First published in the Waikato Times and reprinted here with their permission.

Garden lore

“I asked a schoolboy, in the sweet summertide, ‘what he thought a garden was for?’ and he said Strawberries. His younger sister suggested Croquet and the elder Garden-parties. The brother from Oxford made a prompt declaration in favour of Lawn Tennis and Cigarettes, but he was rebuked by a solemn senior…and was told that ‘a garden was designed for botanical research, and for the classification of plants.”

Is He Dead Yet by Rev Samuel Hole (1819-1904)
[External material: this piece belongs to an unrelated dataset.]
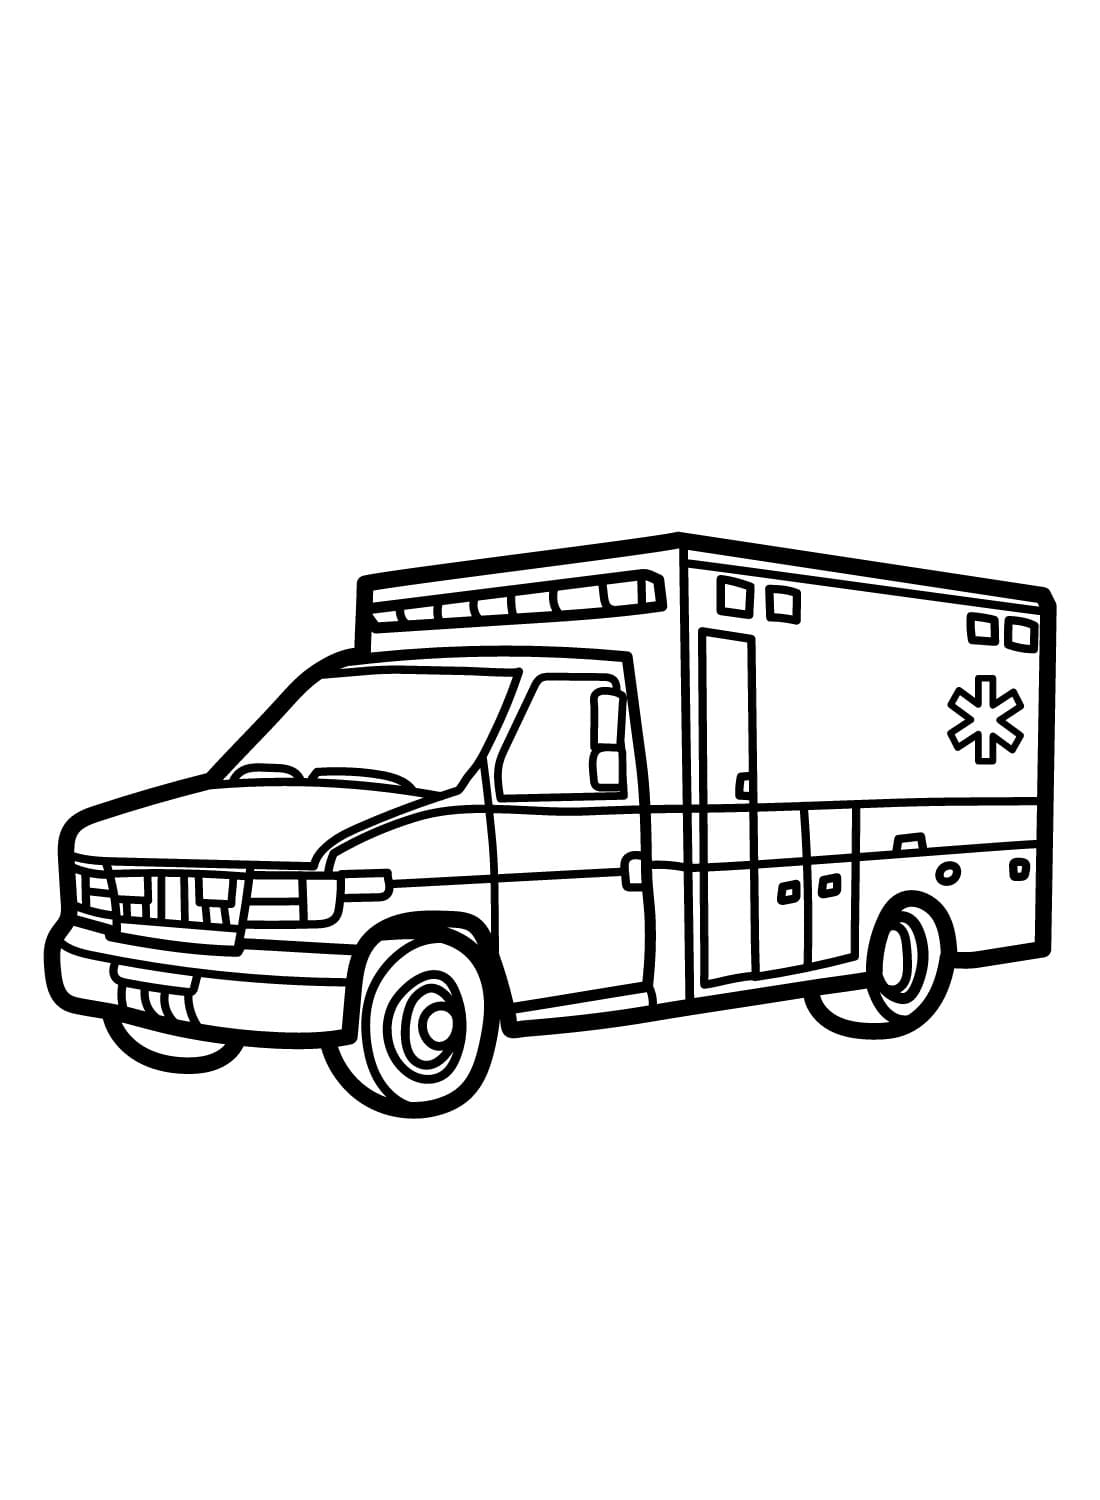 Free Ambulance coloring page - Download, Print or Color Online for Free

Late winter flowering Lachenalia bulbifera

Late winter flowering Lachenalia bulbifera

Digging and dividing part 2: bulbs

While the season has passed for planting trees and shrubs, think bulbs. All the autumn bulbs will be dormant now but ready to spring into growth with the trigger of summer rains. This takes in bulbs such as nerines, colchicums, many of the species cyclamen and ornamental oxalis. Lift them and spread them or repot them now if they were looking overcrowded last autumn. It is also a good time to do the same with the early spring bulbs such as daffodils, tulips, bluebells, lachenalias, snowdrops and snowflakes. Many of these still have vestiges of foliage hanging on so you can actually find the clump without having to exploratory excavations. If the clump is pushing itself up out of the ground, it is a sure sign you need to thin them out.

First published in the Waikato Times and reprinted here with their permission.

Garden lore

I am strongly of the opinion that a quantity of plants, however good the plants may be themselves and however ample their number, does not make a garden; it only makes a collection.

Colour in the Flower Garden by Gertrude Jekyll (1908).

Dead heading

Plants don’t flower to delight humans. That is merely a bonus for us. Plants are genetically programmed to reproduce themselves and flowering is part of that process. Dead heading plants is therefore akin to contraception – preventing them from setting seed. In many cases, the plant will try again and set more flowers. That is what happens with annuals, perennials and repeat flowering roses. Removing spent blooms will extend their flowering season considerably. It doesn’t work for plants where flowering is set the preceding year (bulbs, rhododendrons and many other woody plants) but interrupting the process of setting seed can make the plant concentrate its energies on fresh growth and setting more flower buds instead. Annuals and biennials die after setting seed. Some plants can set so much seed that they weaken themselves and may eventually die (some rhododendrons and pieris, for example). Plants which are sterile often flower extremely well because they never get past that optimistic first stage of procreation.